The case started when Dhanasingh Prabhu gave a loan of ₹21 lakh to two partners of a business named Mouriya Coirs. To repay the loan, one of the partners gave a cheque dated 1 February 2021, drawn from the partnership firm’s bank account. However, when the cheque was presented to the bank the next day, it bounced because the account was frozen.

After the cheque was dishonoured, the complainant sent legal notices to both partners on 1 March 2021. But the notice was not sent to the partnership firm itself. Later, Dhanasingh Prabhu filed a criminal complaint in court under Section 138 for cheque dishonour. Again, the firm was not named as an accused in the complaint—only the two partners were.

High Court Had Dismissed the Case

The accused partners approached the Madras High Court, which dismissed the complaint on 26 February 2024. The High Court said that since the cheque was issued on behalf of the firm, the firm must also be named in the complaint and receive a legal notice. Otherwise, the complaint is not valid under Section 141 of the Negotiable Instruments Act, 1881.

Appeal to the Supreme Court

The complainant challenged the High Court’s decision in the Supreme Court. His argument was that a partnership firm is not a separate legal body like a company, so it’s not necessary to name the firm separately. He said that partners have unlimited liability, and they can be held responsible without naming the firm.

The lawyers for the accused disagreed. They argued that Section 141 treats a firm like a company and a partner like a director. So, the firm should be the main accused, and only then can partners be held responsible.

Supreme Court’s Observations and Final Ruling

The Supreme Court carefully examined the legal difference between a company and a partnership firm.

The Court said that while directors of a company can only be held responsible in a vicarious (indirect) way, partners in a firm are jointly and severally liable. This means each partner is directly responsible, both together and individually, for the firm’s actions.
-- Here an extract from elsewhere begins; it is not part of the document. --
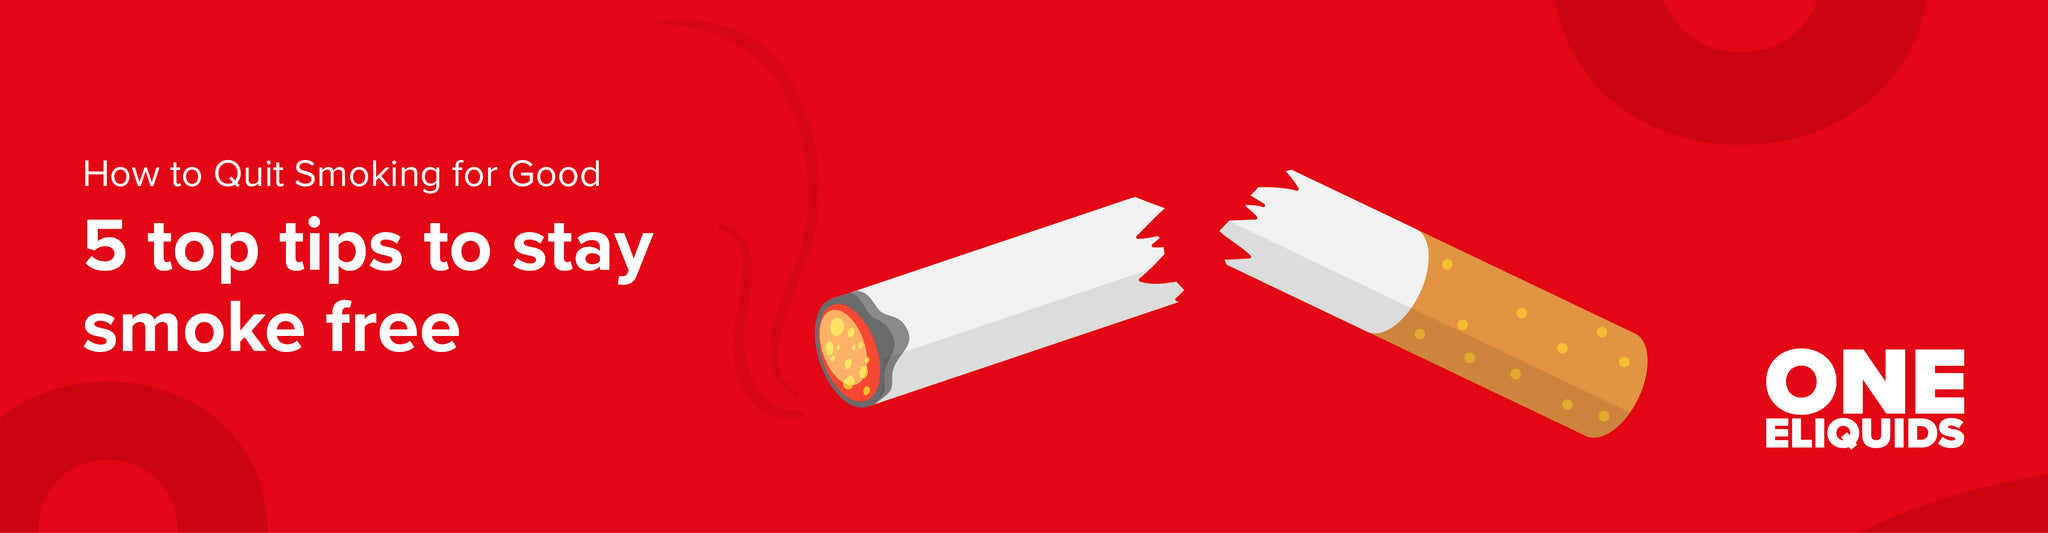 How to Quit Smoking for Good: 5 Top Tips to Stay Smoke-Free
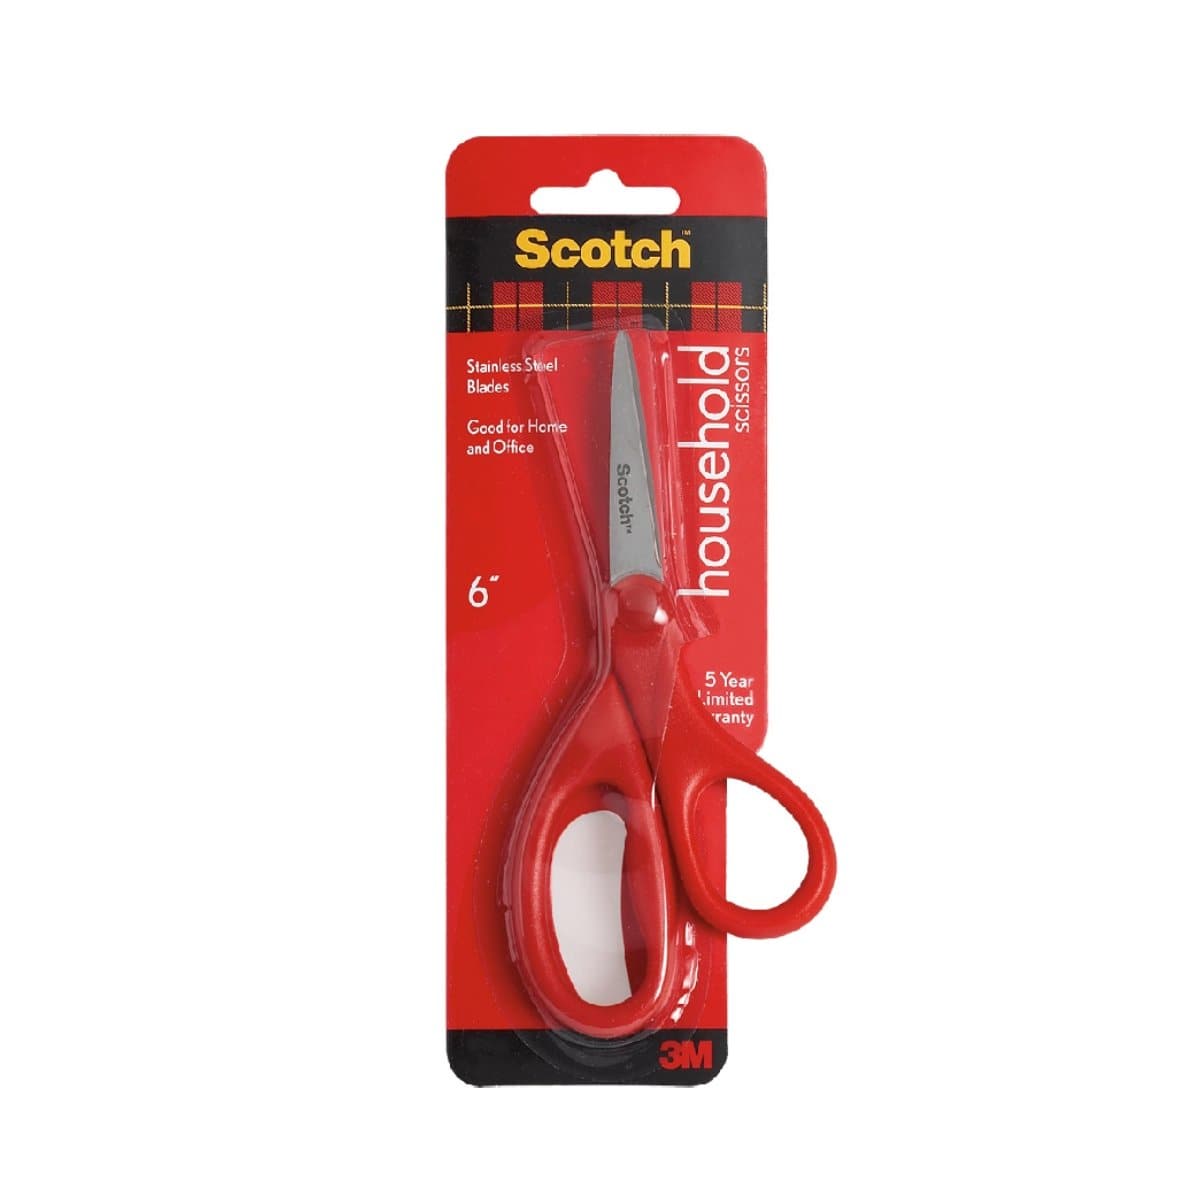 3M Scotch Home and Office Scissors 7 inches

The Supreme Court clarified that the rule from previous judgments (like Aneeta Hada vs. Godfather Travels) applies to companies, not to partnership firms.

The Court further said that:

Court’s Final Decision

The Supreme Court allowed the appeal and cancelled the Madras High Court’s order. It restored the original complaint (STC No.1106/2022) and sent it back to the Judicial Magistrate No. II, Pollachi.

The Court also gave permission to the complainant to add the partnership firm as an accused, and told the lower court to proceed with the case as per the law.